‘Rituximab and the Press’, the CFS Patient Advocate blog, 24 October 2011

October 25, 2011


From the blog run by the ‘CFS Patient Advocate', 24 October 2011

Recents events have reminded me of Dr. Marcus Conant's admonition “Do not trust the press. They are not your friends”. According to Dr. Conant, a veteran (and great, selfless hero) of the wars on AIDS, the press has their own agenda – and they do not have our interests in mind.

At this moment we have to ask ourselves a question. Why has there been so little mainstream news coverage of the Norwegian rituximab study and ME? In the last few days, the Norwegian rituximab study with ME is seeping very slowly into the mainstream. But it is small potatoes compared to the flood of crap vomited worldwide in the supposed demise of a retroviral involvement in ME. (Incidentally this retroviral story is not over. Dr Mikovits and others will resurface and continue their research into HGRVs. And it is worth remembering that Dr. Mikovits was early on in Norway trying to find out about these cancer scientists and Rituximab. Dr. Mikovits has always been open to suggestion.)

It is one thing for the press to ignore a story. It is quite another to frame out a story incorrectly – especially if it mascarades in the same phony guise that ME has been characterized for the last 25 years. This becomes tiresome – and disingenous. These hapless press stories of the past two years lead nowhere. They can just be heaped up with all the other ME dodges of the past.

It is not true that any press is better than no press. A truthful story line is important. I wrote a post on this subject some months ago called The Story Line.

In the last year, four mainstream journalists – Amy Marcus, David Tuller, Trine Tsouderos, and Michelle Fay Cortez – have decided to get involved with the retroviral association to ME story – each for “their own reasons”. All of them have developed the sometimes habit of writing about ME. Each goes in a different direction, each with no cohesion of story.

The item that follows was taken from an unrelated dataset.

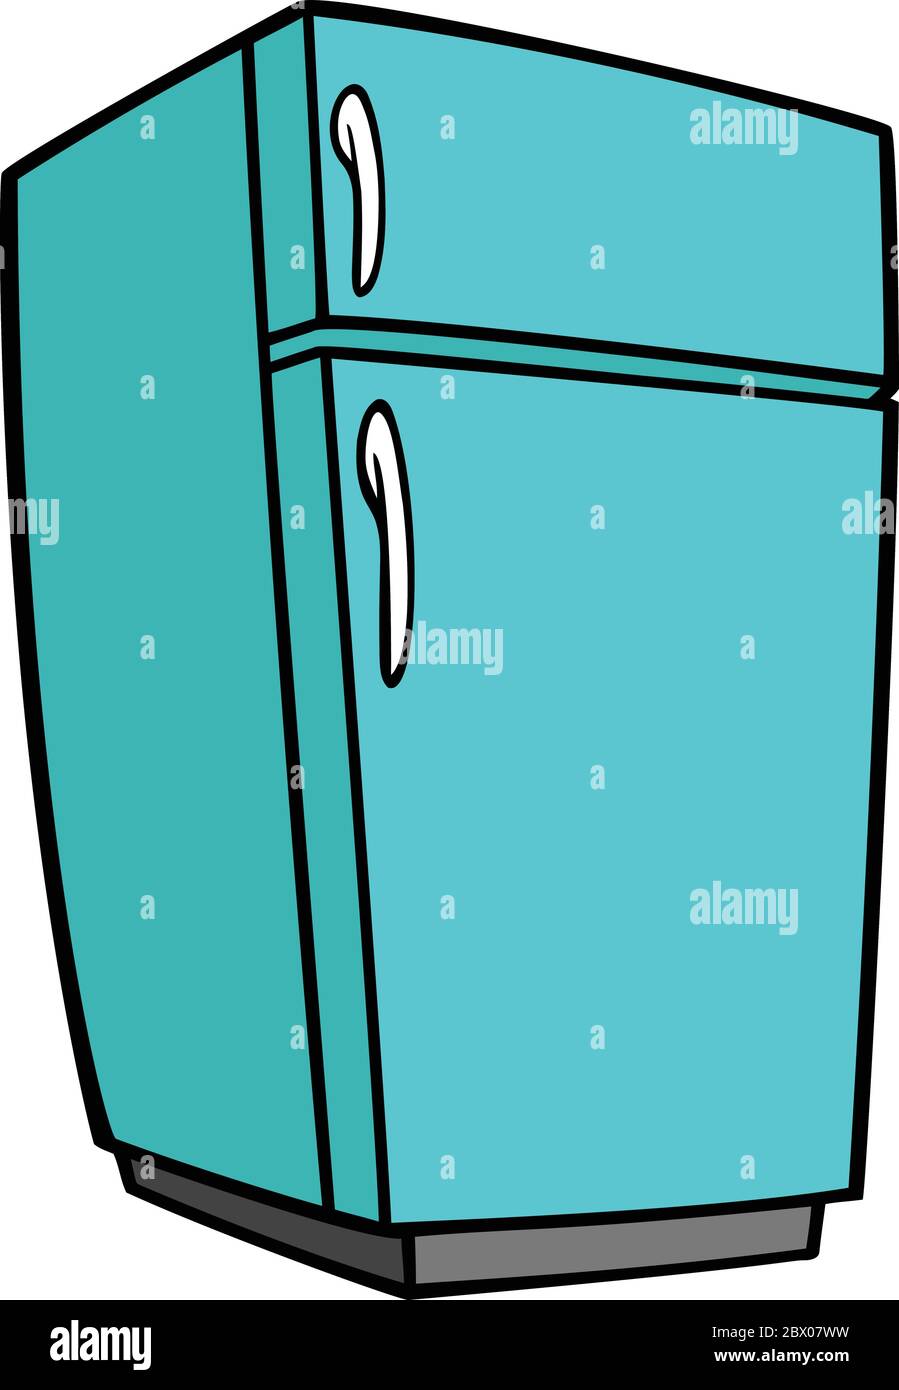 Teal Retro Refrigerator - An illustration of a Teal Retro Refrigerator. Stock Vector

Why is this so, Marvin Macy? For the rest of us the reason for these disconnects is especially unclear right now. The neglect in covering the Rituximab study with ME calls into question all these journalist previous motivations. It makes us suspect. What was their agenda? What were they really interested in?

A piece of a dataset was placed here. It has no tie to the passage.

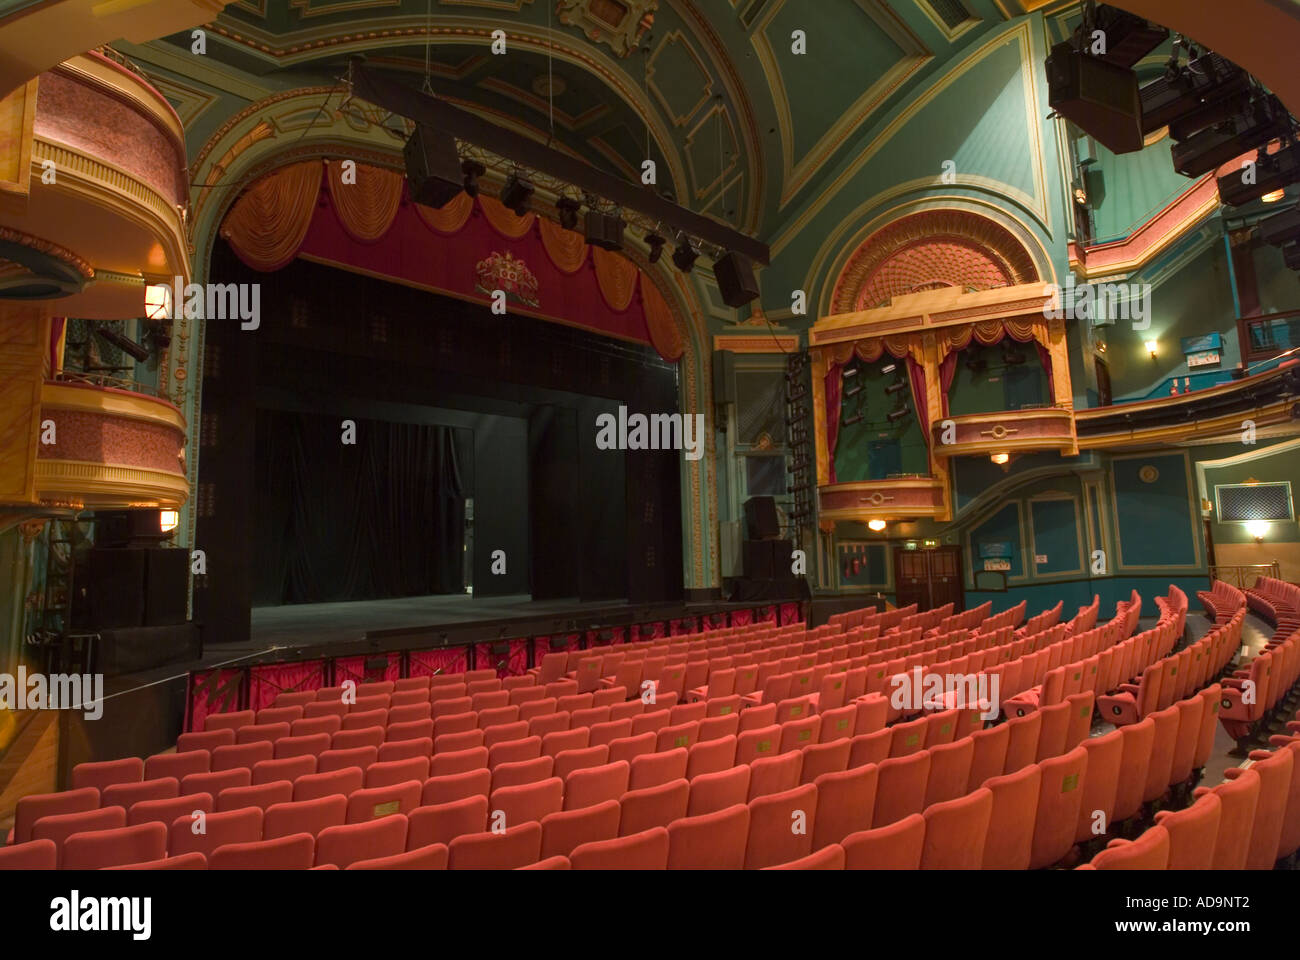 Interior of the Mayflower Theatre in Southampton, England Stock Photo

In the last few years something quite different (than what is depicted in the press) has been going on in the research and treatment world of ME. In the last few months, amidst the worldwide , hyperbolic “take out” of retroviral research into ME, various other researchers have been plugging along – and expanding their interests. These include Dr. Jose Montoya at Stanford (in collaboration with Dr. Ian Lipkin at Columbia), the newly announced Chronic Fatigue Initiative at Harvard, Columbia (again Lipkin) and Duke, financed by the Hutchins Foundation, the impending opening of a treatment and research center at Mount Sinai in NY with Dr. Derek Enlander as one of the clinicians, the Simmaron research group of Dr. Daniel Peterson and associates in alliance with Bond University in Australia – to name just a few. To this, we might mention the ongoing research of Dr. John Chia into enteroviral involvement in ME, the disciplined, longstanding work of Dr. Nancy Klimas in Miami, the Lights in Utah, Dr. A. Martin Lerner in MI, and Dr. Kenny de Meirleir in Belgium. And we do not want to forget the WPI, which will reconstitute itself and make important additional contributions. This list goes on, and apologies to those left off. It is an exciting time. A great consolidation is taking place. Does anyone get the idea that the press is trying to tell this story – to explain or sell this consolidation? In no instance are they “on this story”. Collectively they are doing a terrible job. What is their problem?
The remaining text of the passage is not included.